Unlike previous administrations, the Trump administration has not released monthly detailed deportation data. Instead, the Department of Homeland Security provides updates via press releases.
DHS said in a Dec. 10 press release that 605,000 people had been deported since Jan. 20, 2025, when Trump was inaugurated.
Immigration experts have raised questions about the data's accuracy. The lack of transparency makes it impossible to know what that figure includes. For example, it could include people turned away at the U.S. border or at airports.
University of California Los Angeles researchers, through the Deportation Data Project, collect and publish immigration data received via Freedom of Information Act requests.
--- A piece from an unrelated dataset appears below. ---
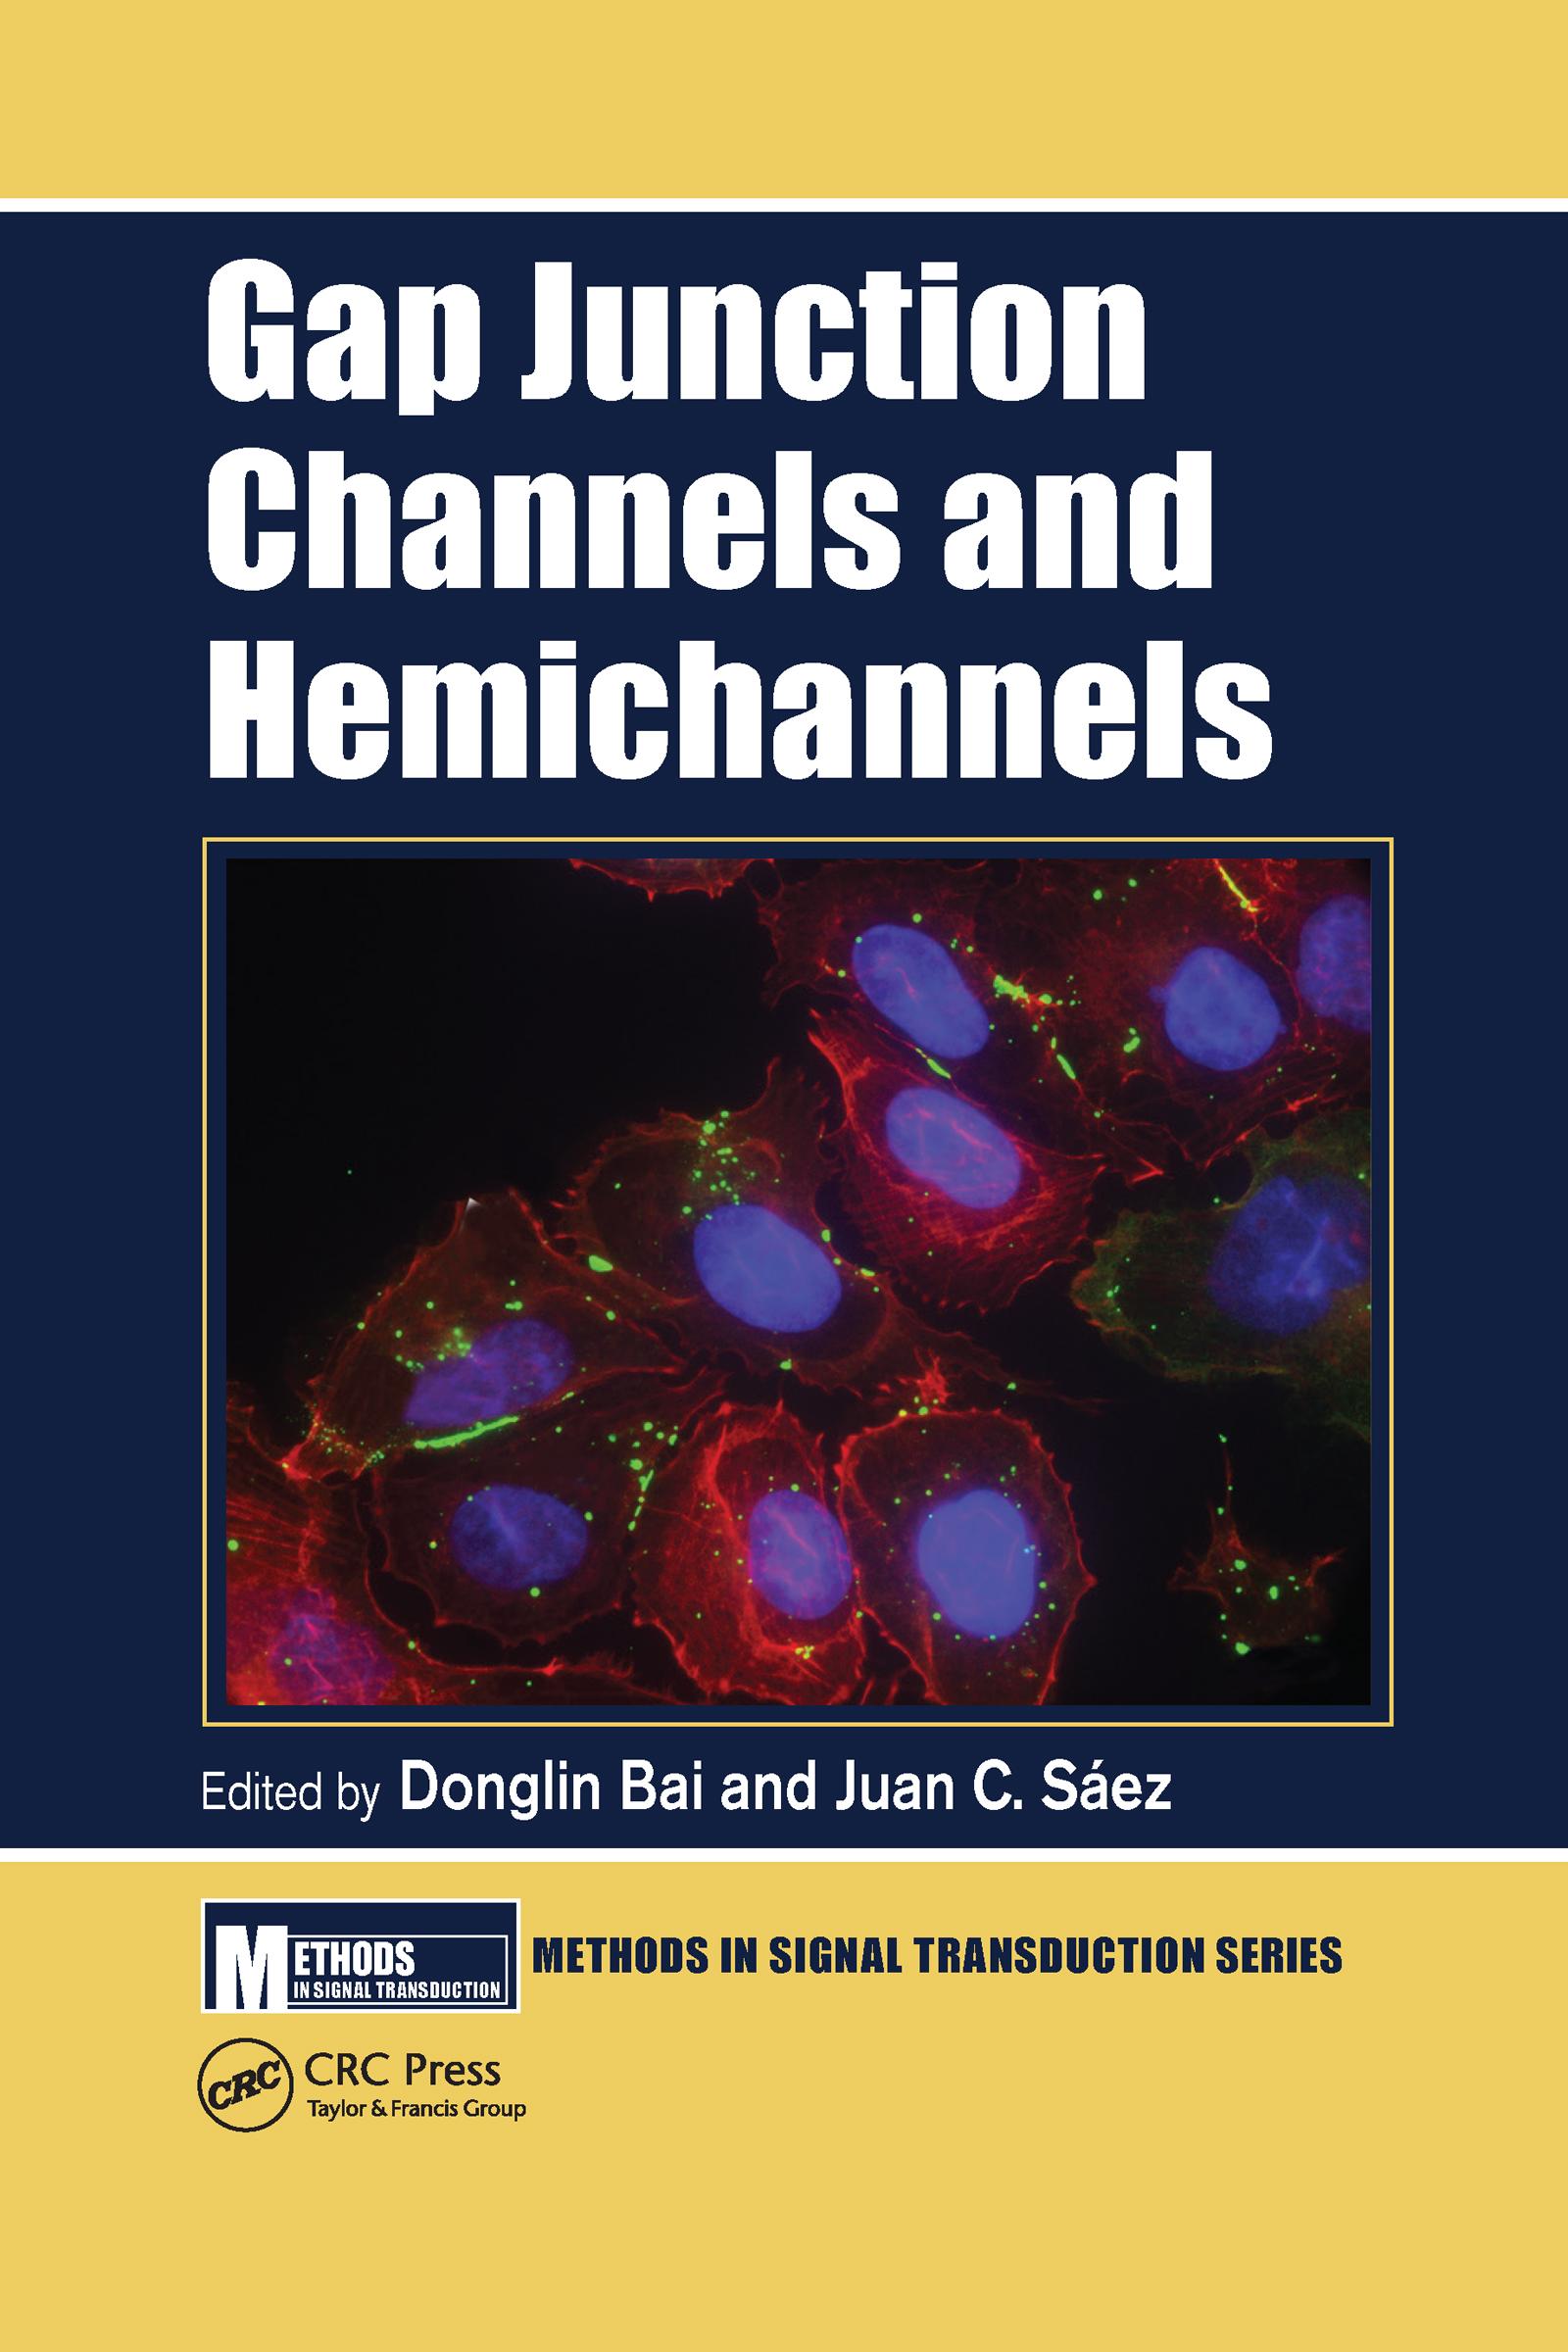 Gap Junction Channels and Hemichannels

The project's data shows around 350,000 deportations since Jan. 20, 2025. That number does not include people who were not arrested by ICE before being deported, such as people encountered by Border Patrol agents at the U.S. southern border.
The Transactional Records Access Clearinghouse, another research group that uses FOIA requests to analyze government data, said that from January through September 2025, the Trump administration deported around 234,000 people.
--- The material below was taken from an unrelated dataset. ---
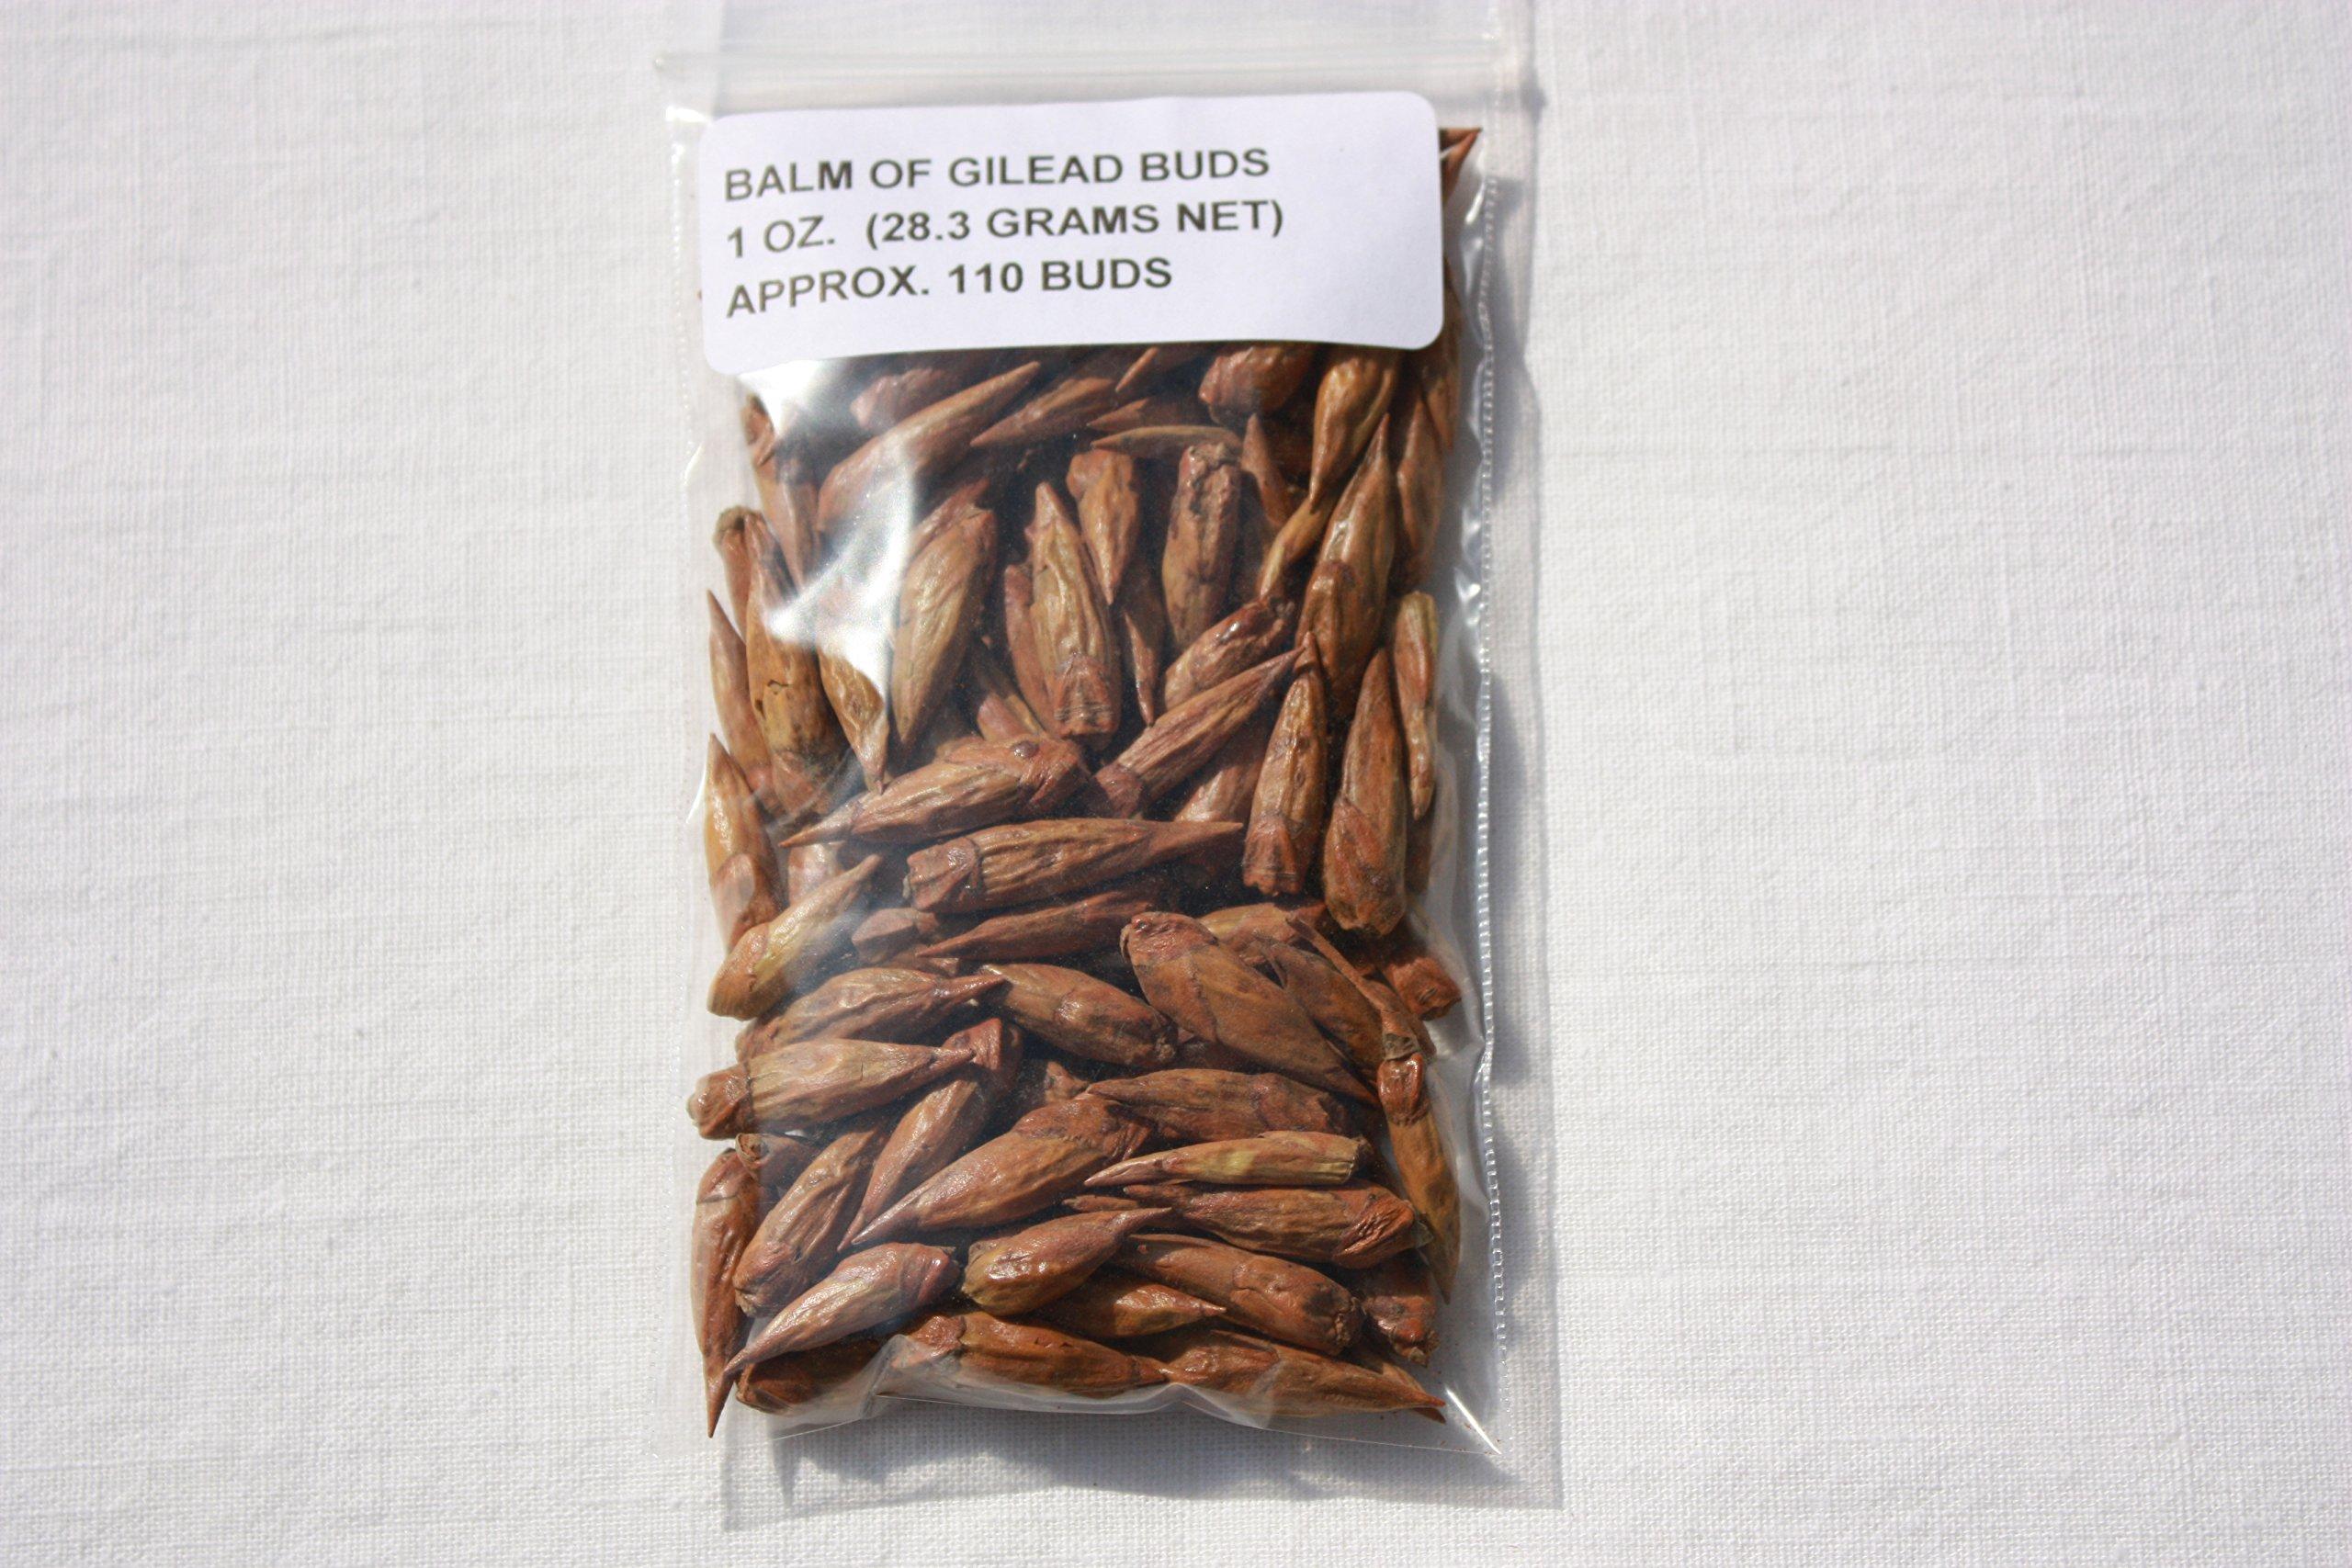 Bulk Herbs: Balm of Gilead Buds - 3 oz (Cottonwood Tree) Wicca Pagan Magick

DHS also cites another data point: people who voluntarily left the country. During Trump's second term, DHS says, 1.9 million people self-deported.
As with other deportation figures, DHS provided no evidence for this number. In September, Homeland Secretary Kristi Noem said 1.6 million people had voluntarily left the U.S. under Trump. We rated that Half True. That number came from one research group's estimate based on a survey with a small sample size and large margin of error. And the figure represented not only people who might have voluntarily left the U.S., but also people who were deported, died or whose status changed such as by receiving asylum.
What actions has Trump taken so far?
Among the most high-profile of Trump's deportation efforts was his use of the centuries old Alien Enemies Act to deport Venezuelan men to a maximum-security prison in El Salvador without due process. The law lets the president detain and deport people from a "hostile nation or government" without a hearing when the U.S. is either at war with that country or the country has "perpetrated, attempted, or threatened" an invasion against the U.S. It has been used only three times in U.S. history, each during wartime.
Trump has sent large numbers of ICE and Customs and Border Protection agents to carry out wide-ranging operations in cities including Washington, D.C., Los Angeles, Chicago, Minneapolis, New Orleans and Charlotte, North Carolina.
Each city has seen masked federal agents in military gear raiding workplaces, tackling immigrants and bystanders and releasing tear gas in crowds. Federal agents have fatally shot several people, including U.S. citizen Renee Good Jan. 7 in Minneapolis.
The administration's actions have resulted in several ongoing lawsuits related to agents' tactics and the legality of deploying National Guard troops.
Trump has also focused on arresting and deporting people at scheduled ICE check-ins or immigration court hearings — people who are following immigration requirements.
The Trump administration has taken several steps to advance his mass deportations promise and is showing no signs of backing away from it. However, based on available data, Trump still hasn't hit his goal of 1 million deportations a year. We rate this promise In the Works.